Set down the full listing exactly as given. Any pictures are to be left out.

## Data section
*** Begin section ***

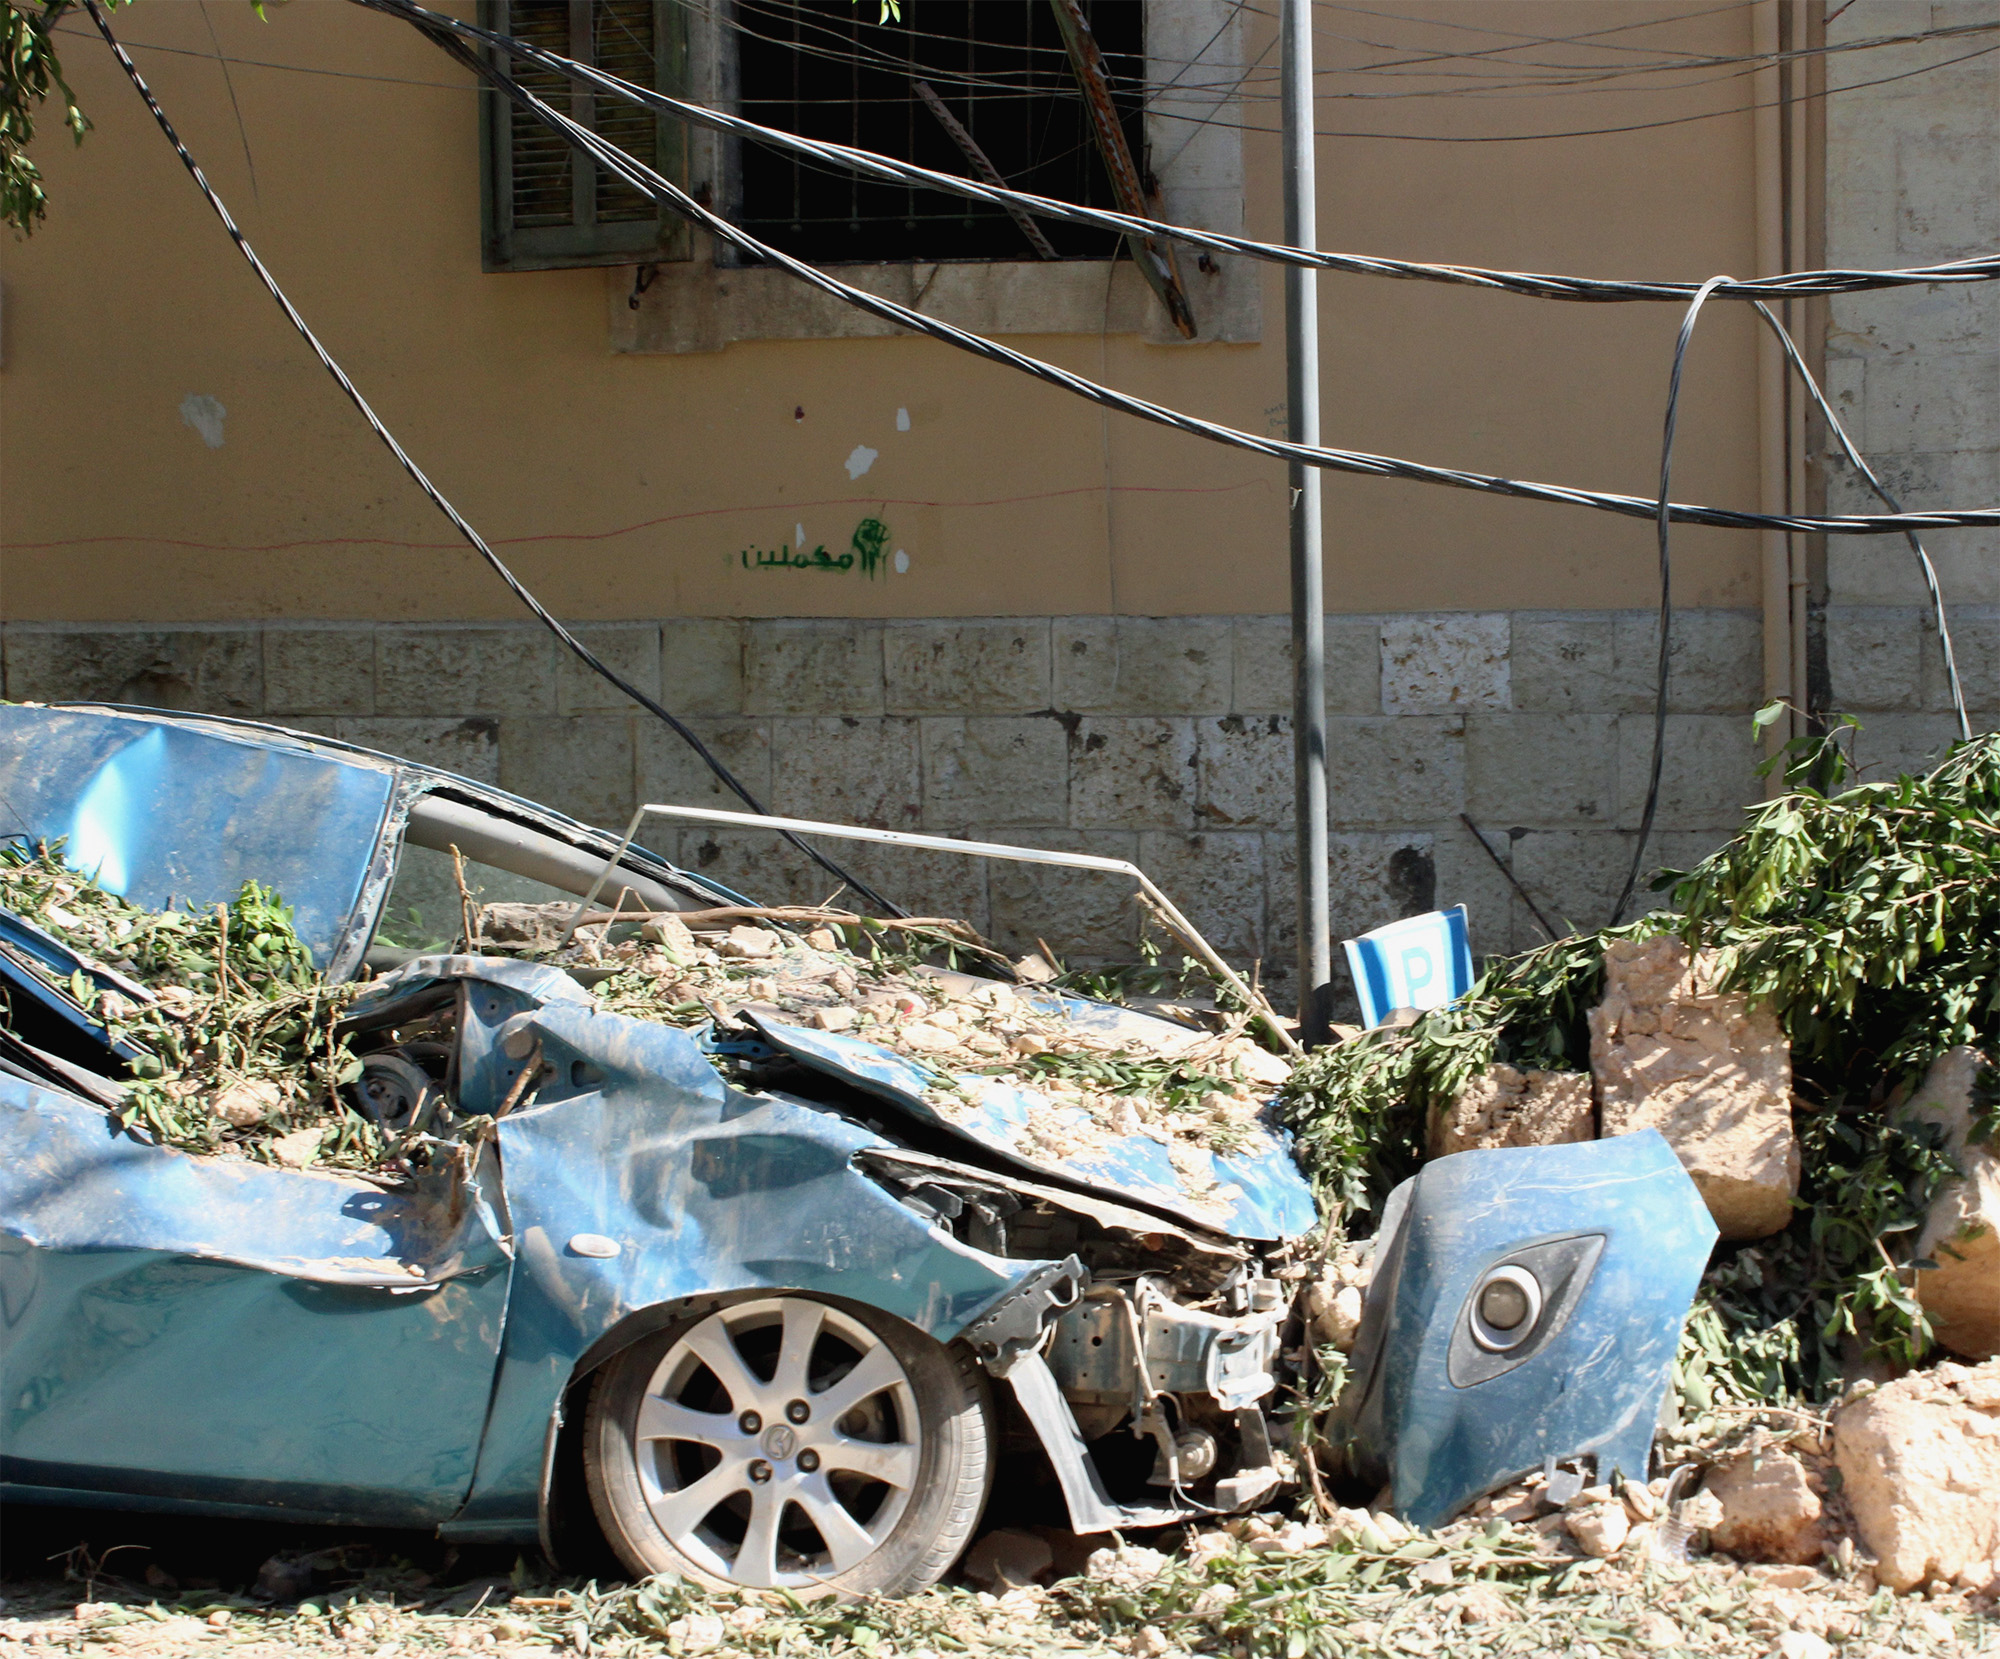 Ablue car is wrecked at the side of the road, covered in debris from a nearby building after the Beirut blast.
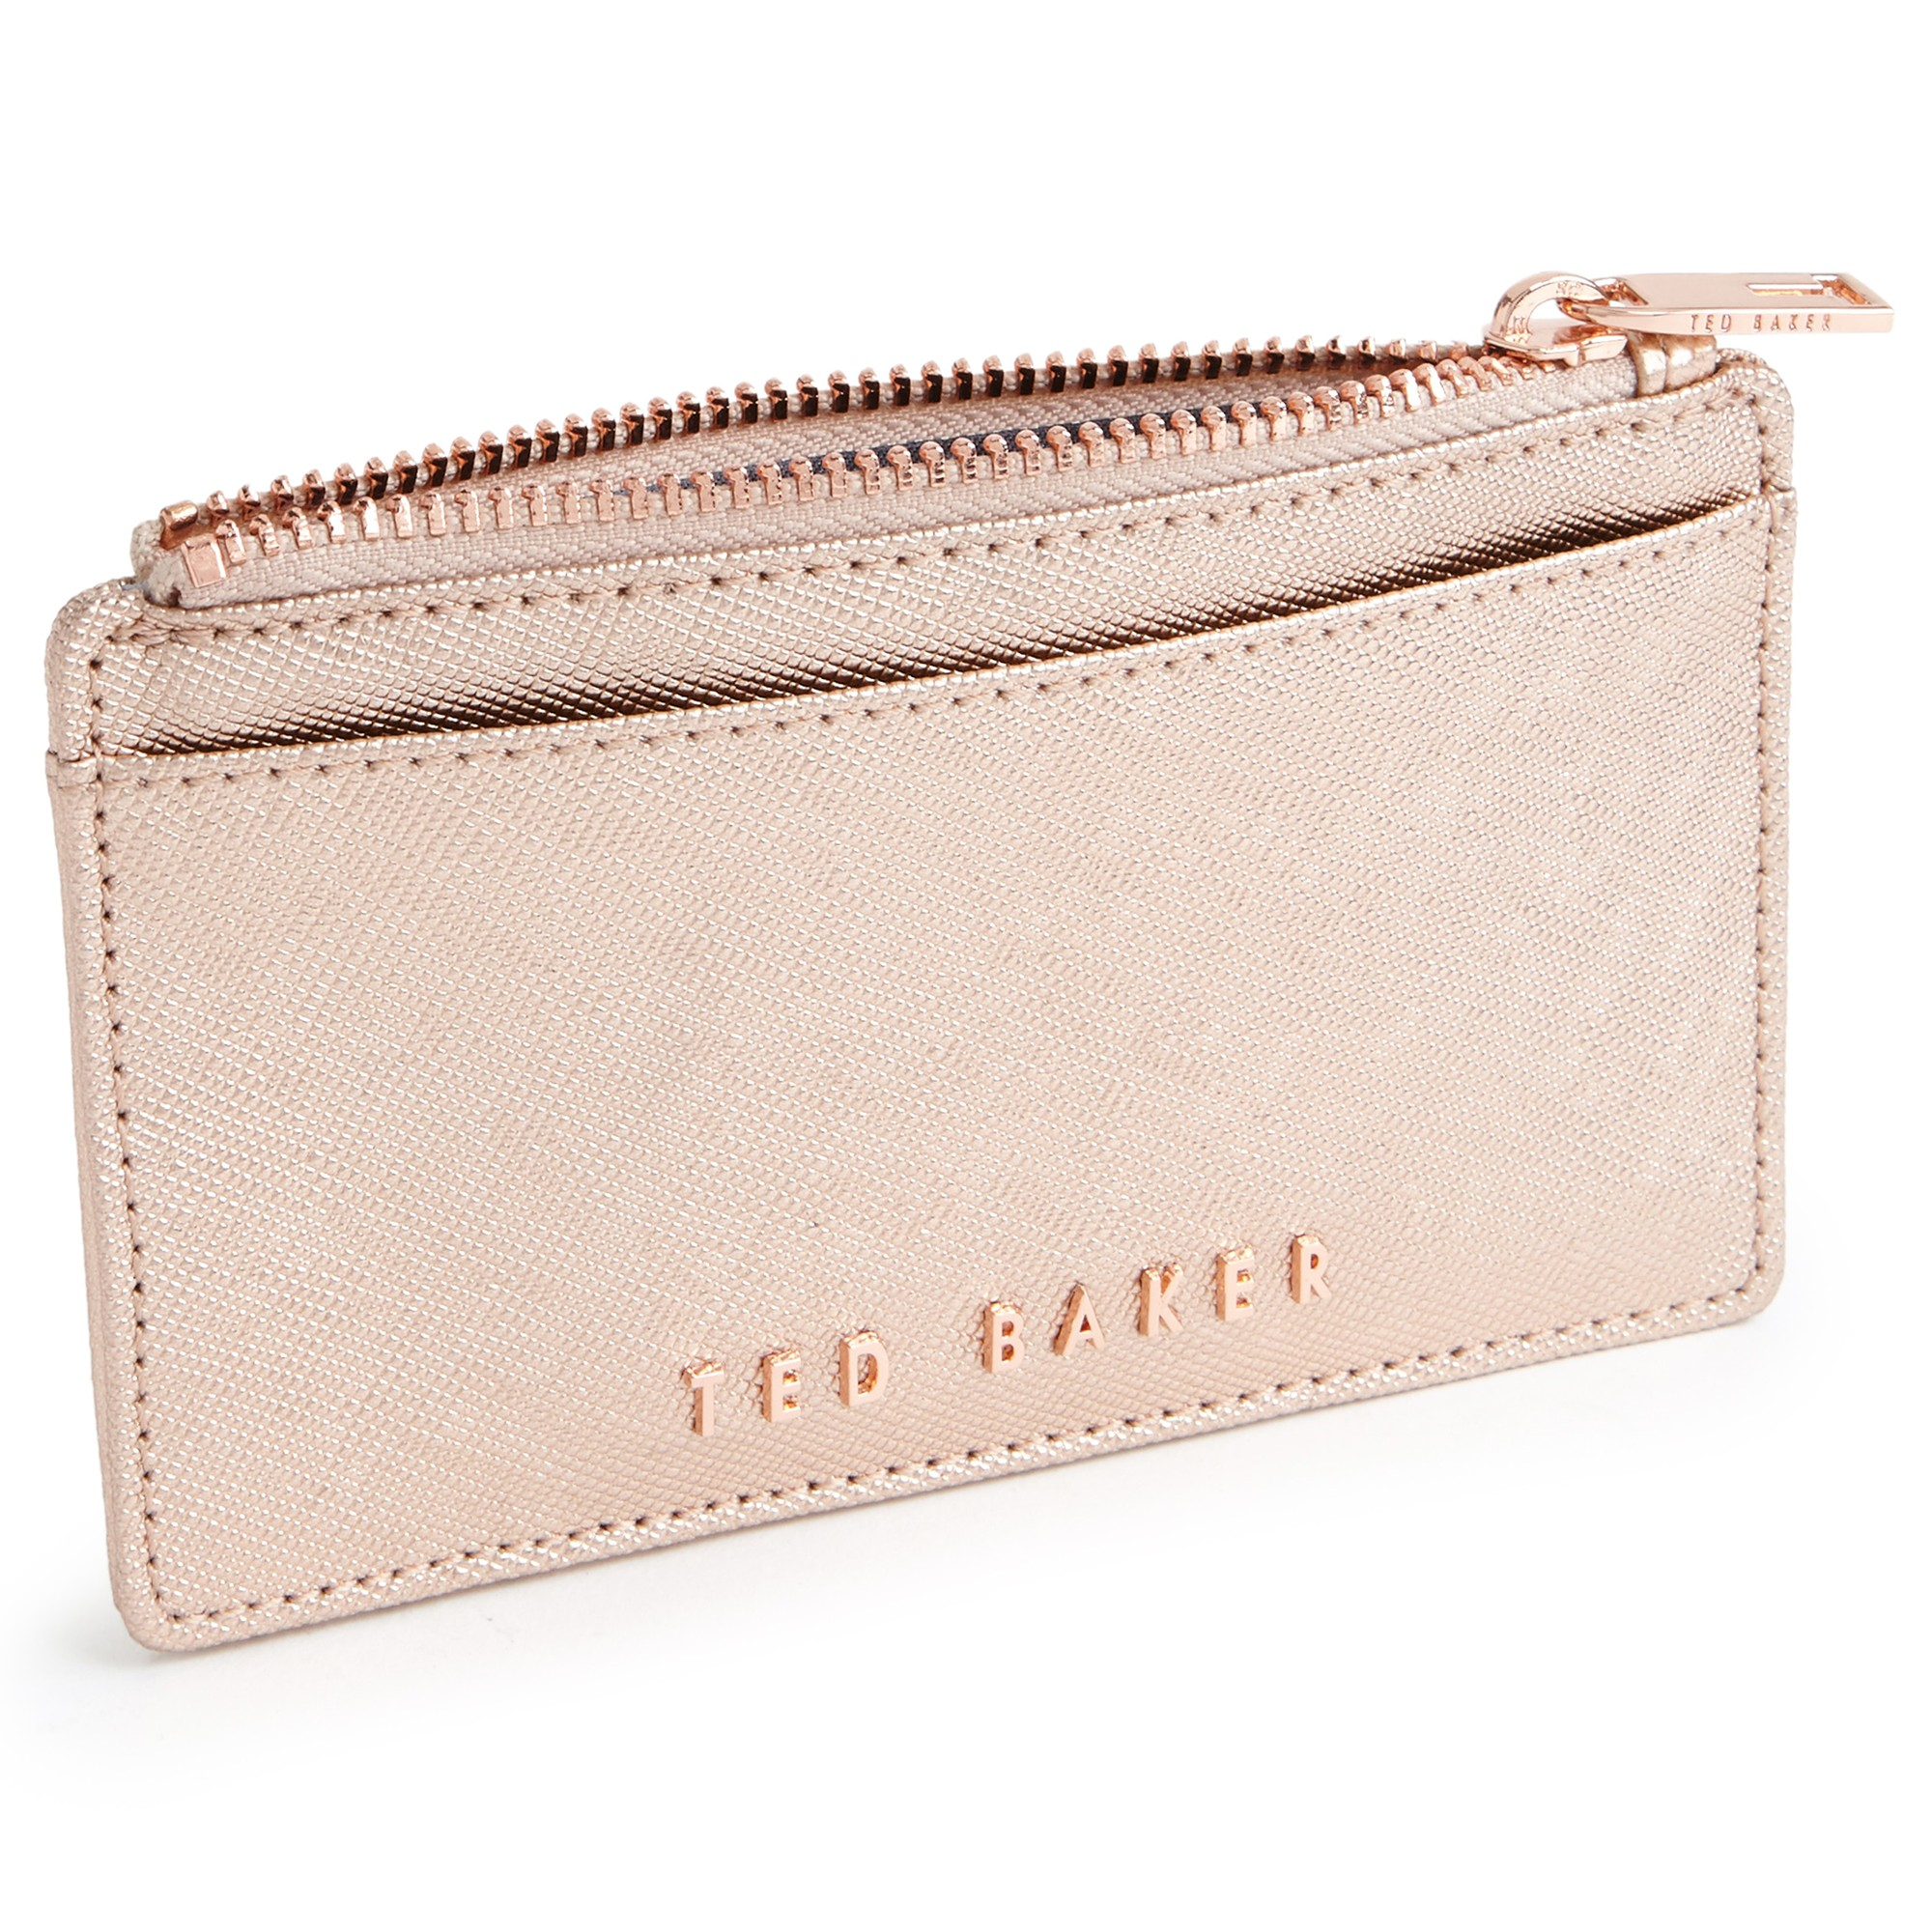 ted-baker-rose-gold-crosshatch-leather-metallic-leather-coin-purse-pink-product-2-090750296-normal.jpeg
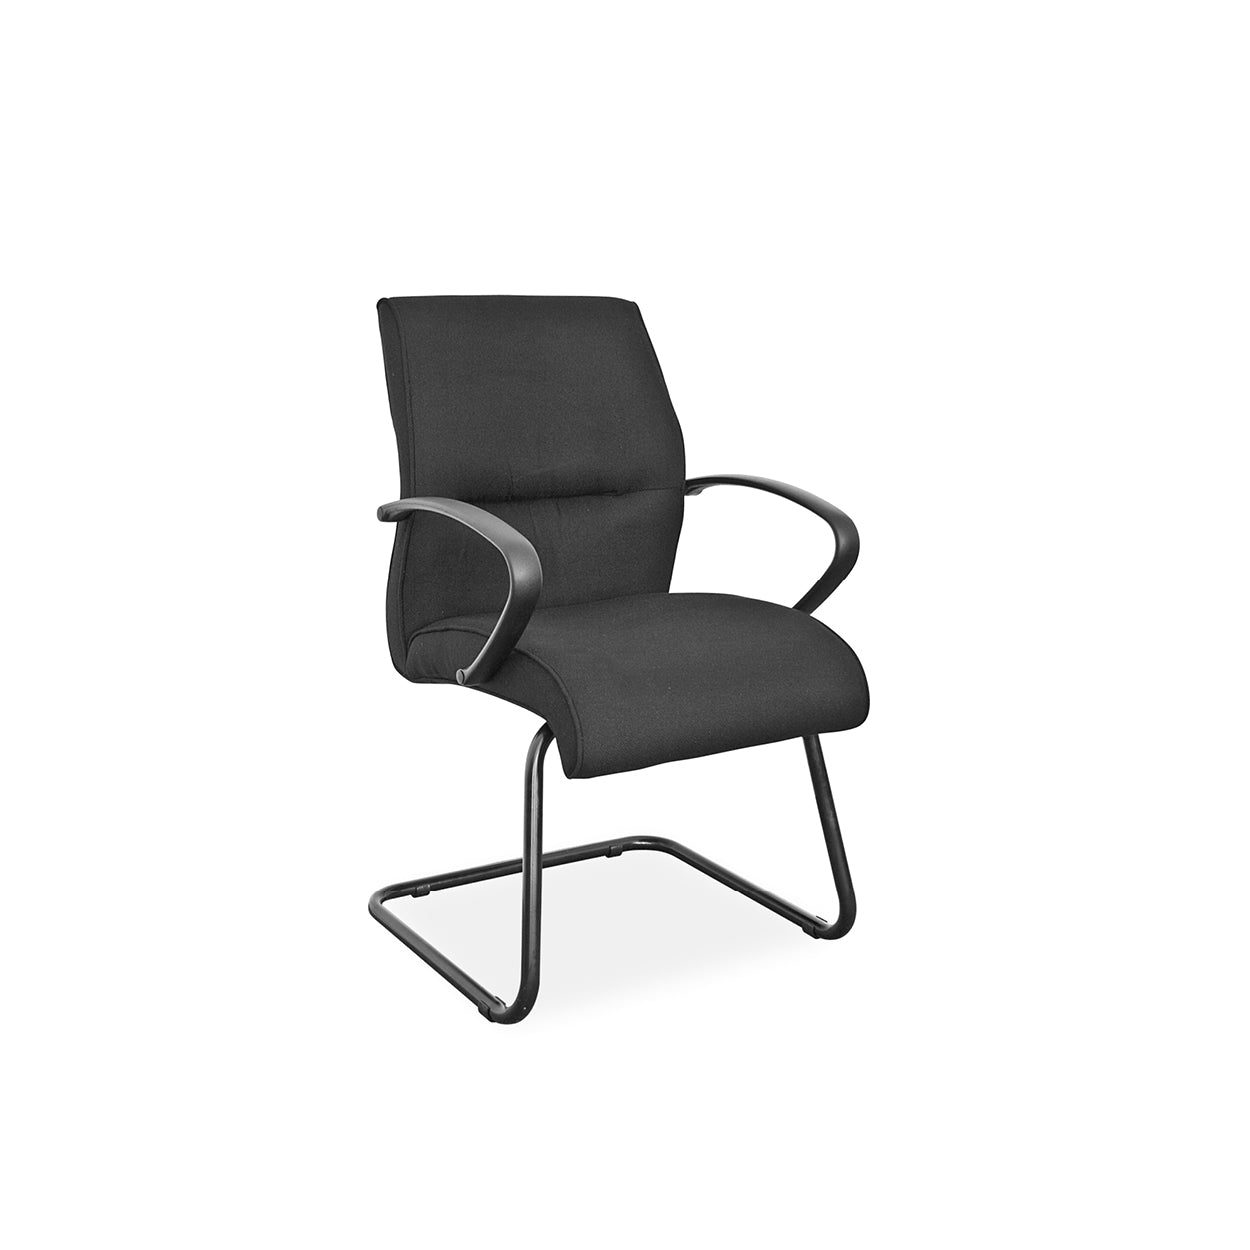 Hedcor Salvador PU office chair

*** End section ***

## Response for this exercise
 Ablue car is wrecked at the side of the road, covered in debris from a nearby building after the Beirut blast.
 ted-baker-rose-gold-crosshatch-leather-metallic-leather-coin-purse-pink-product-2-090750296-normal.jpeg
 Hedcor Salvador PU office chair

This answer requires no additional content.